Bhavik recalls about the dengue outbreak in India in 2015, and a pharma company came up with a medicine to improve health outcomes of patients. Generally, for any pharma marketing company, it takes 60-90 days to tap retailers in a city like Bengaluru.


Bhavik says, while Medibox was still in its stealth mode, it proposed its technology platform to the client that enabled them to search, locate, and communicate with pharmacies across Bengaluru using its e-marketing feature. This created awareness and information about the availability of the medicine with various distributors across the city.


“The pharma and healthcare industry across the world is probably one of the slowest moving industry. The fragmented nature of the industry and addressing it with a tech platform has been challenging. Apart from this, every startup goes through validating its status-quo, hiring the right talent, and ensuring adoption at a faster pace. While traditional and old business houses have been around, the awareness on digitisation has been low. Making an industry to use tech platform is extremely challenging, but then it also creates opportunities,” says Bhavik.


Since its commercial inception in August 2016, Medibox has grown by leaps and bounds. At present, the startup claims to be working with over 250,000 retailers and hospitals, and 45,000 suppliers that includes dealers, distributors, stockists, CSA, etc., and 175,000 SKUs.


Revenue and business model

The bootstrapped company’s business model revolves around ‘retail’ and ‘enterprise clients’. While Bhavik refused to disclose revenue details of the company, Medibox’s revenues are derived out of transaction from enterprise clients.


“The core of our technology is built in-house using latest open source tools across the different application layers from the UI down to the database.

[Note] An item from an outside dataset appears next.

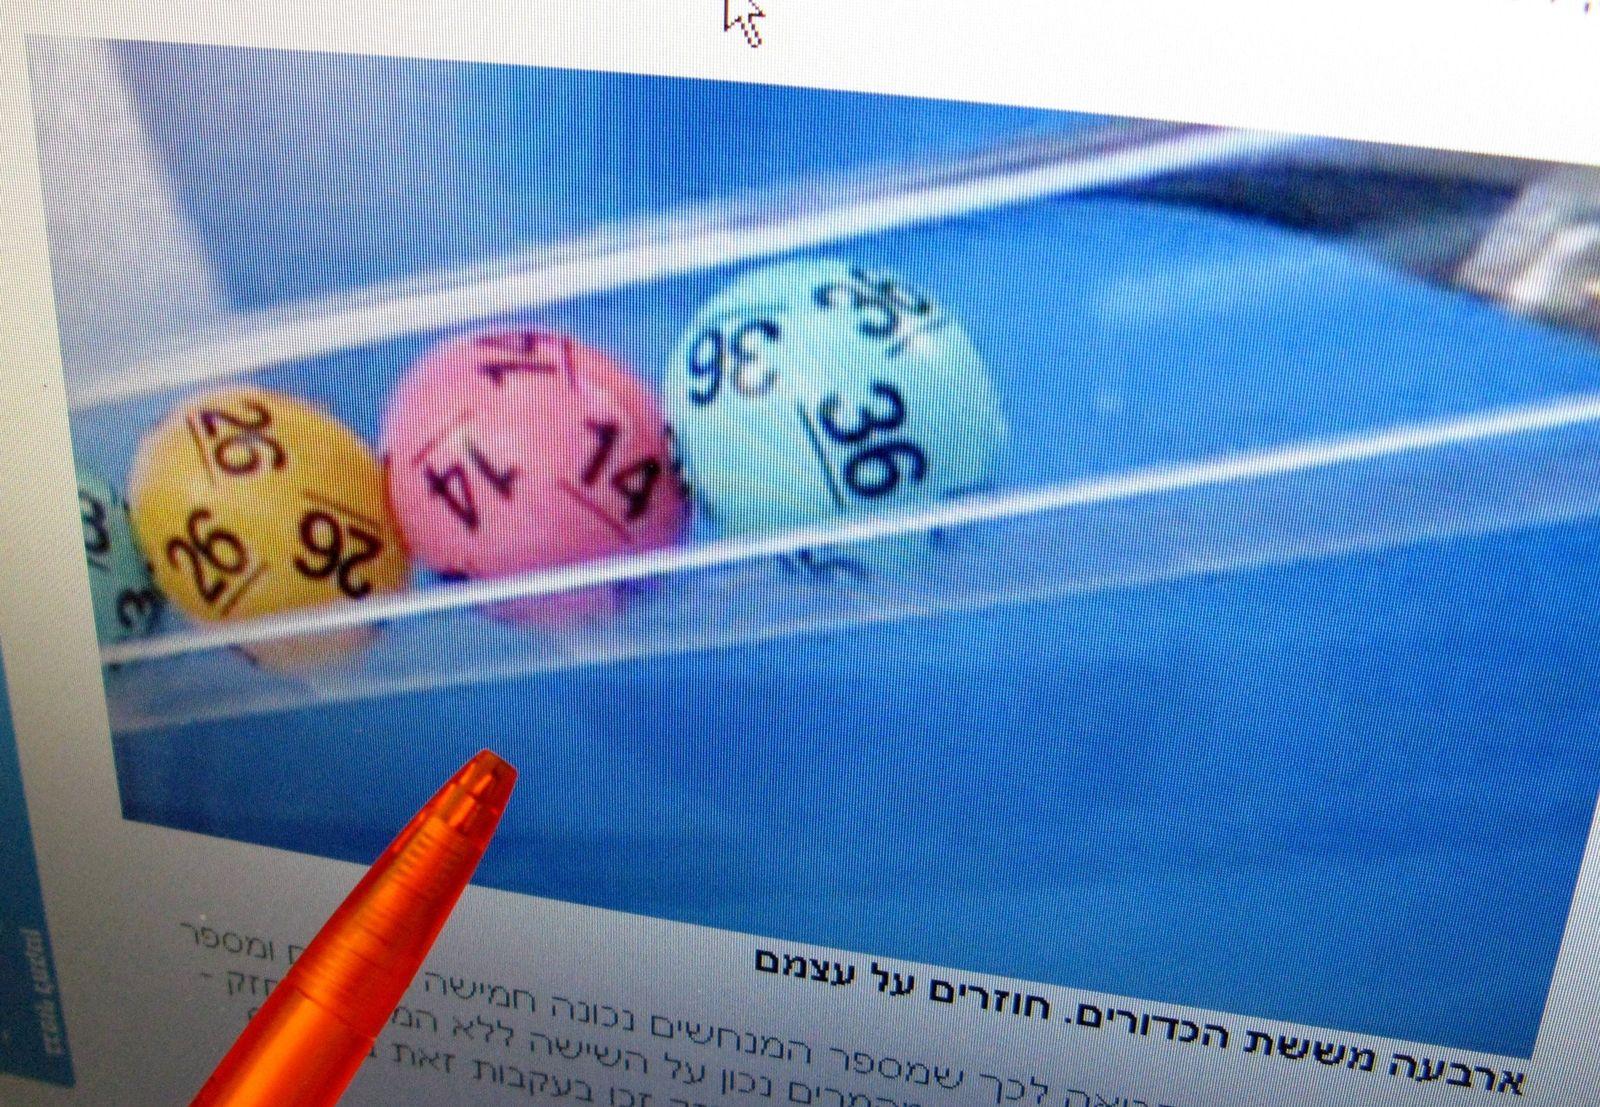 Lotto Israel

We have a strong internal tech team (about 20) at all levels to power the platform end-to-end. The framework uses micro-services-based architecture with easy to use restful APIs for any external integrations," says Bhavik.


In some cases, it has also integrated with a few third-party software providers. This enables faster GTM for their campaigns, videos, and images, and helps it focus on its core areas.

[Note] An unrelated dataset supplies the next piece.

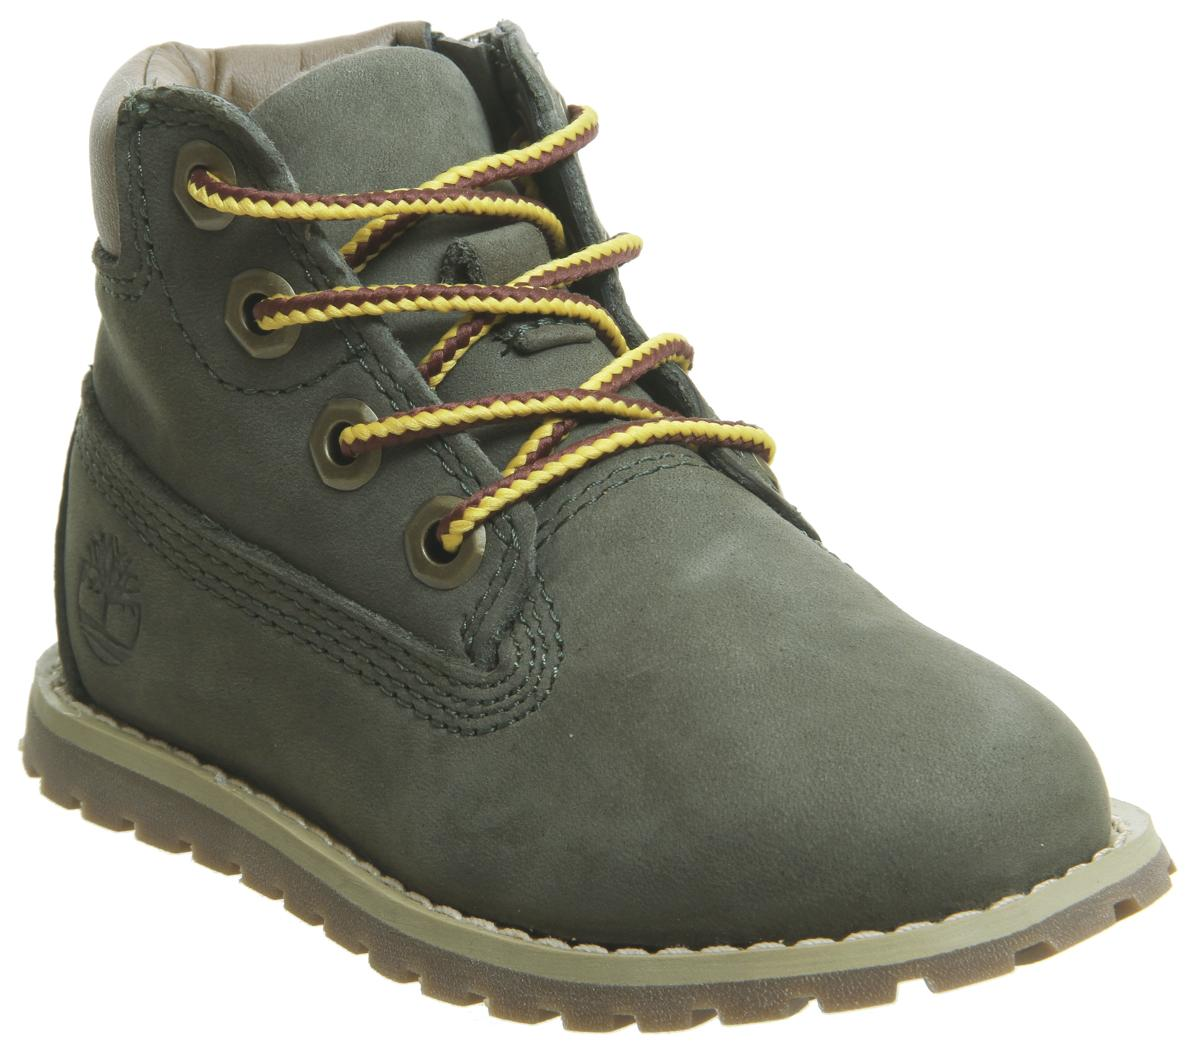 Pokey Pine 6 Inch Boots

According to the founder, the startup has integrated with payment gateways and bank’s nodal accounts for ease of payments and credit.


According to IBEF, the pharma retail industry in India is pegged at $5 billion, with very little penetration of technology other than UPI.


Medibox, which is looking to become the bridge between manufacturers and retailers,competes with CRM companies like GoFrugal and Zoho, but its niche focus is pharma retail.